On a related note, the results have implications for intergenerational inequality. It is well known that parental separation lowers children’s educational attainment (for a review, see Bernardi & Boertien, 2017). This applies especially to children of highly educated mothers, who experience larger losses of household income (Bernardi & Boertien, 2016). The current study shows that this is because highly educated mothers are financially more dependent on fathers’ earnings. This suggests that universal (as opposed to means-tested) policies will reduce the parental separation penalty especially for children of highly educated mothers. If this is true, however, then universal policies will strengthen the intergenerational transmission of education across family structures: parental separation will no longer put children from different parental backgrounds on the same level. Policies could thus invoke a trade-off between children’s attainment and intergenerational equality.

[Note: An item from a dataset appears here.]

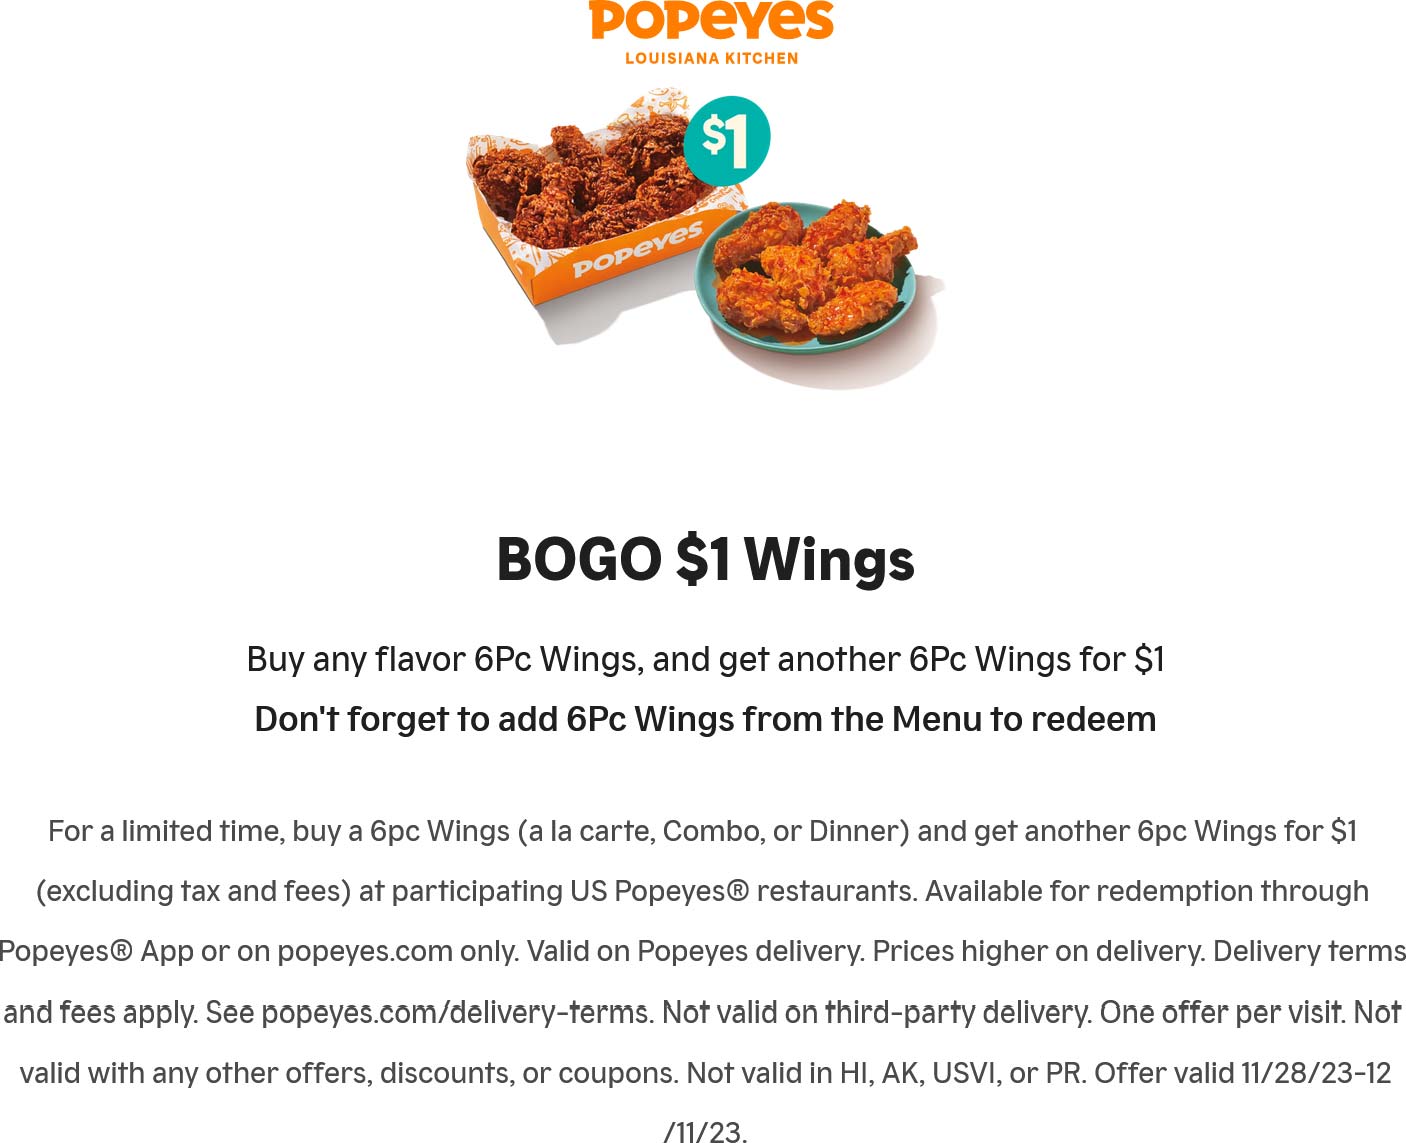 Second 6pc chicken wings $1 at Popeyes #popeyes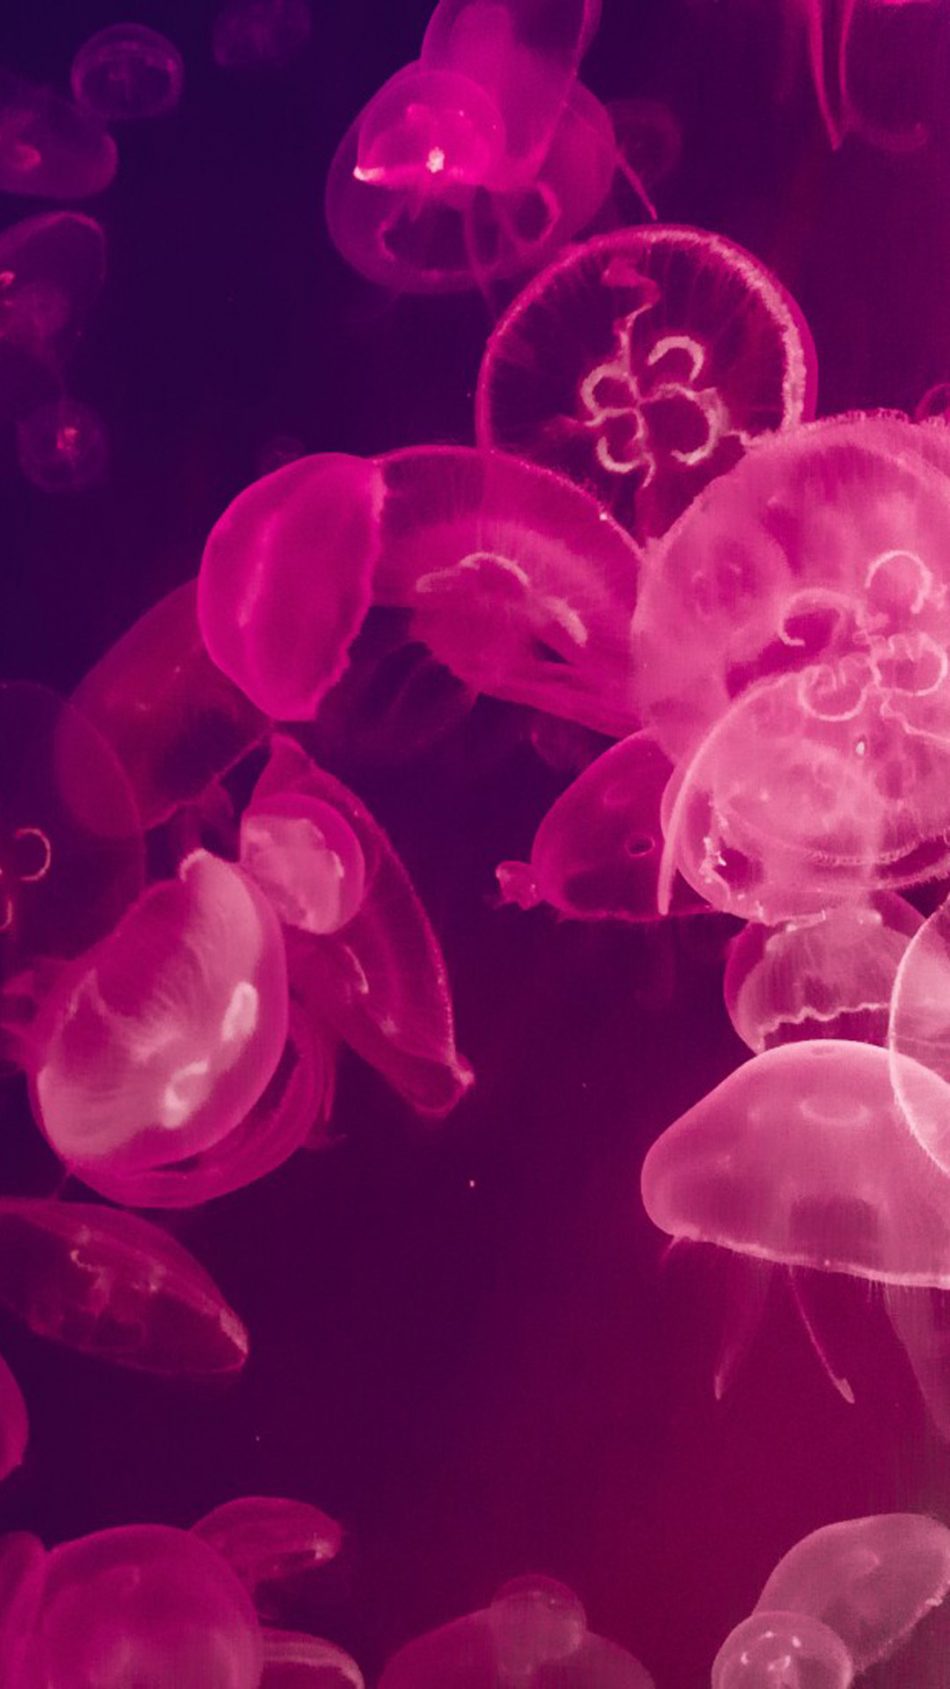 Pink Jellyfishes Underwater Hd Mobile Wallpaper - Jellyfish Wallpaper 4k For Phone - HD Wallpaper

Notwithstanding these findings, there are some limitations to this study. One limitation regards the measurement of living standards. My measure did not include the value of unpaid care and housework, while women spend significant amounts of time on unpaid work (Gupta et al., 2021; Mansour & McKinnish, 2014). Preliminary work suggests that including unpaid work would hardly change the dissolution penalty (Bratberg & Tjøtta, 2008), but more work is needed. Another limitation is that income is distinct from expenditure. Expenses related to union dissolution can be considerable and include divorce litigation, the repurchase of household goods, and double mortgage or rent payments. A broader view on women’s living standards could benefit from the measurement of such expenses, which are not available in administrative registers. Furthermore, the data did not allow me to assign tax payments to individual household members, because taxes include a small component levied at the household level. Individual assignment would not change the statistical results, but it could change their interpretation: what currently appears as a reduction in tax payments that benefits separating women may represent the cessation of taxes levied on the partner’s earnings. This would mean that women from higher-income unions do not enjoy a small compensatory advantage due to progressive taxation and that their financial dependence on the partner is somewhat less sizeable. Lastly, this study relies on decomposition analysis. The decomposition untangled the relative importance of household composition and income sources for the dissolution penalty. In reality, of course, these components interact. Increases in earnings reduce entitlements to transfers, households composed of fewer children become entitled to fewer child benefits, and so forth. A more comprehensive design might be able to incorporate these interactions, and the current study represents just a first step in that direction.

To conclude, this study examined the compensation and partner independence mechanisms for the event of union dissolution. These mechanisms easily extend to other life events. Examples include labor market events, such as job loss, sickness, disability, or retirement, and demographic events, such as childbirth, home leaving, or bereavement. The consequences of those events, too, depend on the contributions of other household members and their embedding in institutional arrangements. Future work may examine these to shed more light on the nexus between life events, social policy, and stratification.